Woolworths said for the 26 weeks ended December 25, 2022, earnings were up 75% as shoppers returned to brick-and-mortar stores, but its operations in South Africa were hamstrung by load shedding.
The financial impact of load shedding on the group's operating profit was R15 million a month, amounting to R90m for the reported period.
Headline earnings per share rose to 294.5 cents from 168.2 cents the previous year.
The retailer declared an interim gross cash dividend per ordinary share of 158.5c per share, based on a payout ratio of 70% of headline earnings of the combined Woolworths South Africa business segments (FBH, Food and WFS) as well as Country Road Group.
The dividend increased by 96.9% from the prior period's 80.5 cents.
Group turnover and concession sales increased by 18.5% to R49.9 billion, while profit before tax increased by 63.3% to R3.7bn.
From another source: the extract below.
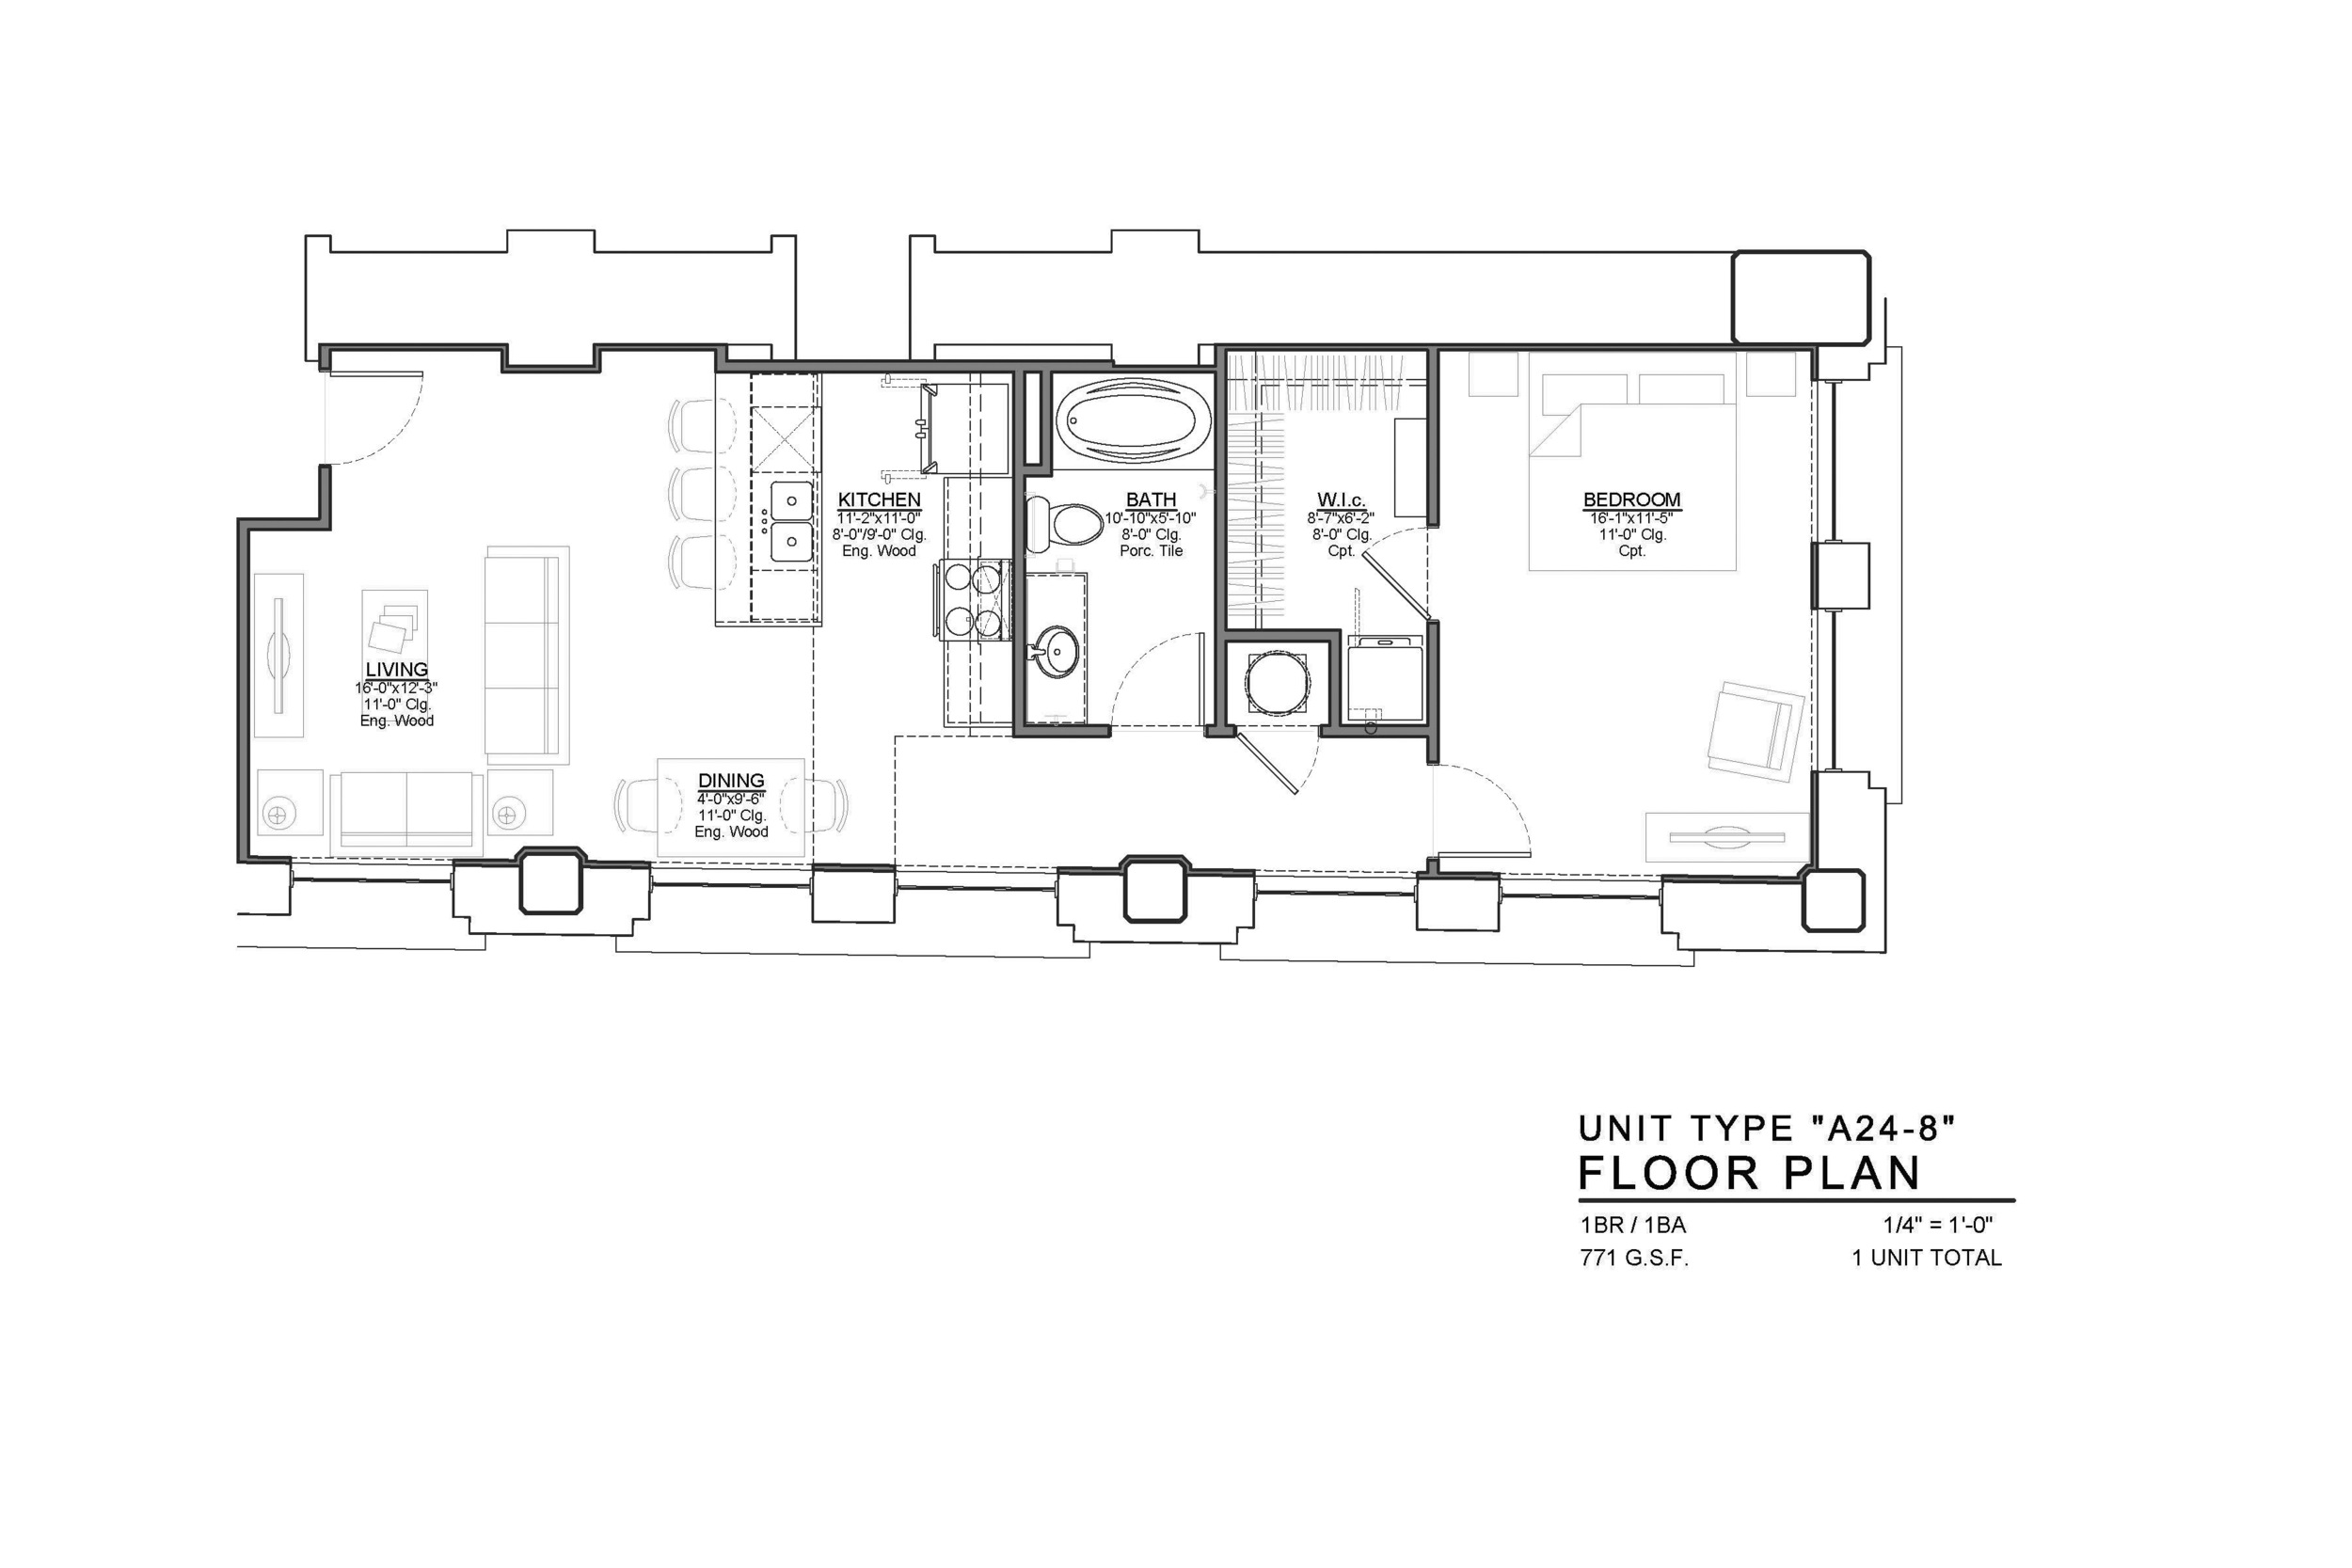 A24-8 FLOOR PLAN: 1 BEDROOM / 1 BATH

“The return of customers to physical stores, particularly in Australia, resulted in a substantial increase in brick-and-mortar sales, with the contribution of online sales moderating to 10.9% of total turnover and concession sales, compared to 13.7% for the prior period,” the group said.
In South Africa, Woolworths has joined other major retailers in counting the costs of load shedding on its business. It said the country was facing a devastating energy crisis, which continues to have a pronounced impact on its economy, as well as business and consumer confidence.
Retailer Pick n Pay said it had spent nearly R350 million year-on-year on diesel to run generators in the first 10 months of its year, while Shoprite said for the six months ended January 1, 2023, to operate generators across its South African supermarkets’ store-base to trade uninterrupted during load shedding Stages 5 and 6, had amounted to R560m for the period.
Woolworths said the majority of this incurred in its predominantly fresh food business, as a result of increased waste and diesel costs in both its supply chain and stores.
“Given the erratic and unpredictable nature of load shedding, we are focused on developing a longer-term business solution to sustainably mitigate both upstream and downstream impacts of this challenge. This includes the impacts on our suppliers, and particularly those where the costs required to manage the breakdown in infrastructure have become prohibitive,” the retailer said.
Woolworths said while it was focused on minimising both the operational and financial impacts of load shedding, its primary objective was to protect the quality and integrity of its cold chain, and the trust customers place in its brand.
“We have made significant past investments in our energy supply capabilities, with 99% of our stores and all our distribution centres already equipped with generator capacity.
“Furthermore, the majority of our suppliers are exclusive to our Food business, with these partnerships, in many instances, spanning decades.
“This places us in a favourable position to build a holistic, integrated, and fully resilient response plan from here,” the group said.
Woolworths said its Fashion Beauty Home turnaround strategy continued to gain traction.
“Turnover and concession sales grew by 11.2%, and by 11.0% on a comparable store basis, and strengthened to 12.0% in the last six weeks of the period. The price movement of 10.8% remained positively impacted by the ongoing focus on full-price sales and the continued reduction in markdowns. Trading space was further reduced by 2.2% over the prior period. Online sales grew by 4.5% and contributed 4.2% of South African sales,” it said.
The Food business grew turnover and concession sales by 7.6% and by 5.4% on a comparable store basis, with sales growth accelerating to 8.6% in the last six weeks of the period.
“This is notwithstanding the considerable disruption caused by load shedding, which continues to have a pronounced impact in terms of foregone sales and increased costs,” the group said.
The Woolworths Financial Services book reflects a year-on-year increase of 17.2% to the end of December 2022, driven by consumer spending, as well as new accounts and credit card advances.
Woolworths said its businesses in Australia and New Zealand continued their positive momentum, notwithstanding the increased inflationary pressures faced by consumers during the period.
“Country Road Group sales grew by 25.5% and by 26.6% in comparable stores, underpinned by strong performances from the Country Road, Politix, and Witchery brands in particular.
The group said the successful turnaround of David Jones delivered a notable improvement in the business' underlying operational and financial health.
“For the period, turnover and concession sales increased by 31.8% and by 27.6 on a comparable store basis, with our flagship and CBD stores performing ahead of expectations,” Woolworths said.
Looking ahead, the group said the trading environment over the second half of the financial year was expected to prove more challenging as it continued to face numerous headwinds through higher inflation and interest rates, which were placing pressure on both consumer demand and costs.
“In South Africa, an imminent resolution to the debilitating power crisis and stimulus for economic growth appears remote. These factors, coupled with a higher comparative base effect, are likely to result in slower profit growth (from continued operations) in the current half, relative to the first half,” it said.